I’m sure you remember the four months in the late 1990s when every kid was walking around with a digital pet (and the two month after when only the losers were), but younger generations may be new to the strange delight of caring for some pixels. The new wave of Tamagotchis, dubbed Tamagotchi Uni, features the “Tamaverse,” some kind of online thing where you can interact in some fashion with other Tamagotchi users and probably play little games and shit.
Tamagotchis are both very cool and fun and very depressing in a way that I can’t really explain. So is this week’s viral video.
Viral Video of the Week: Life After College as a 28-Year-Old With a Normal Job
Usually videos go viral because there’s something outrageous or novel about them, but this week, the internet is obsessed with a video that’s notable for its mundanity. TikToker @hubslife’s Life After College as a 28 Year-Old With A Normal Job depicts an unremarkable daily routine—going to work, going to the gym, petting the dog, eating some dinner—without commentary, but it seems to have hit people hard.

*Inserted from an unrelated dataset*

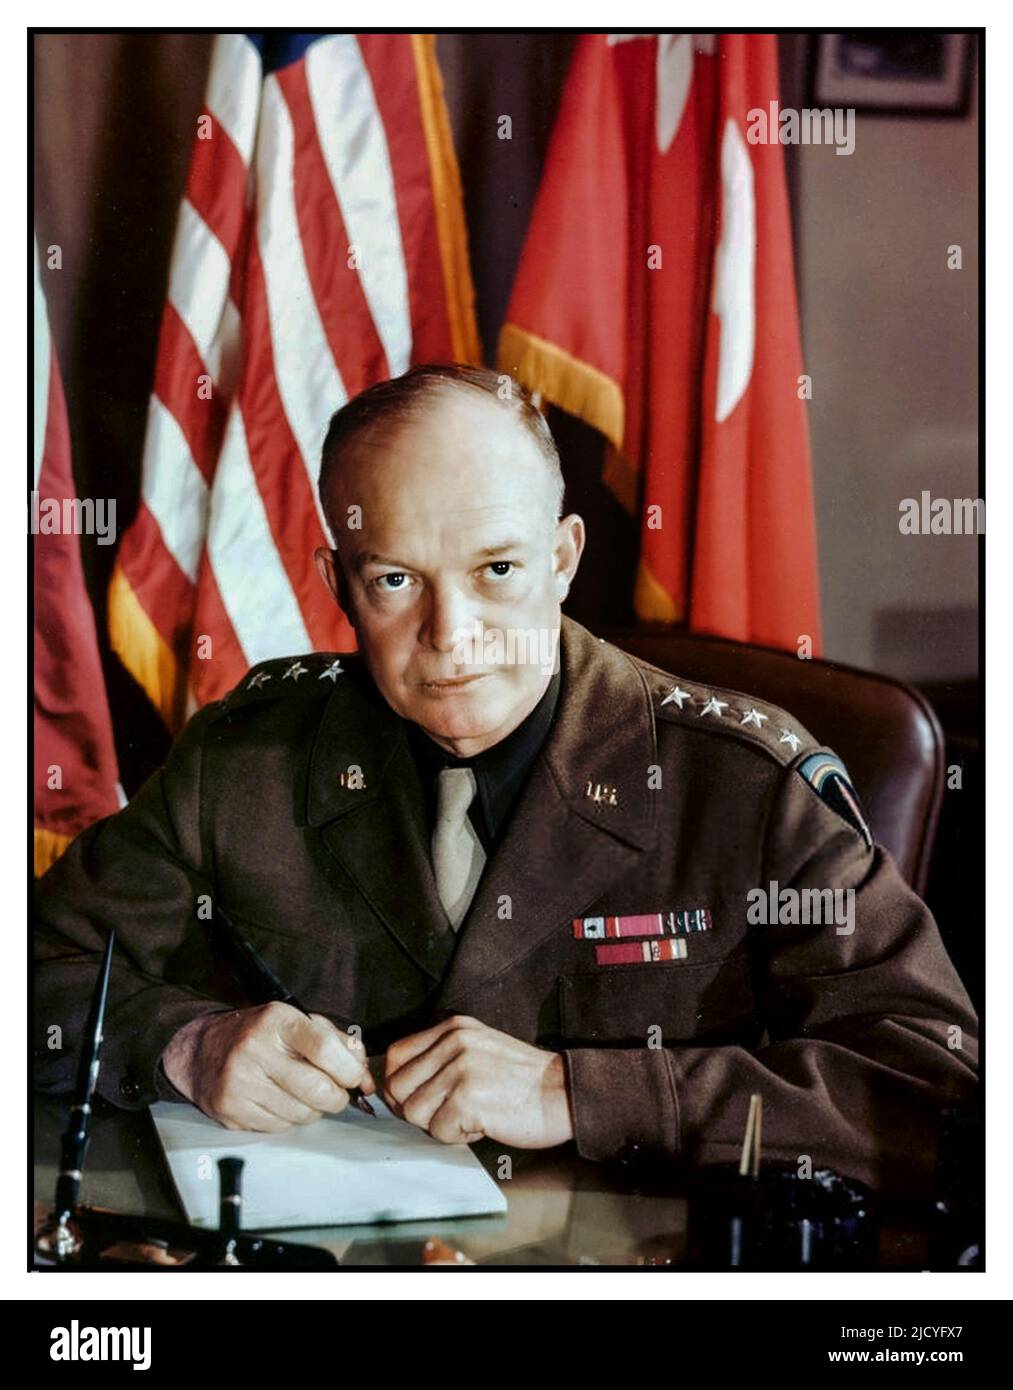 EISENHOWER WW2 Porträt des amerikanischen Militärkommandanten (und zukünftigen US-Präsidenten) General Dwight D. Eisenhower in Militäruniform (1890 - 1969), während er am 1943. Dezember an seinem Schreibtisch im Hauptquartier der Alliierten Kommandos sitzt. Supreme Allied Commander World war II Stockfoto

The comments are all over the place, with some declaring it a “dystopian nightmare,” and others saying “many will never reach this level of peace in their own lives.” It’s a video that acts as a mirror. Whether it makes you feel peace or dread depends on who you are. “from someone who has been in survival mode their whole life your routine is so serene and safe to me,” TikToker Danina commented, where Beni’s reaction was “this would be my nightmare.”
There is a twist to the story, though. The video seems to be sponsored by Daiya Flatbread, the depressing-or-comforting basis of this dude’s dinner. Whether a TikToker picking up a little cooperate cash to show off some ultra-prepared food makes the whole thing more dystopian or more serene really depends on your point of view.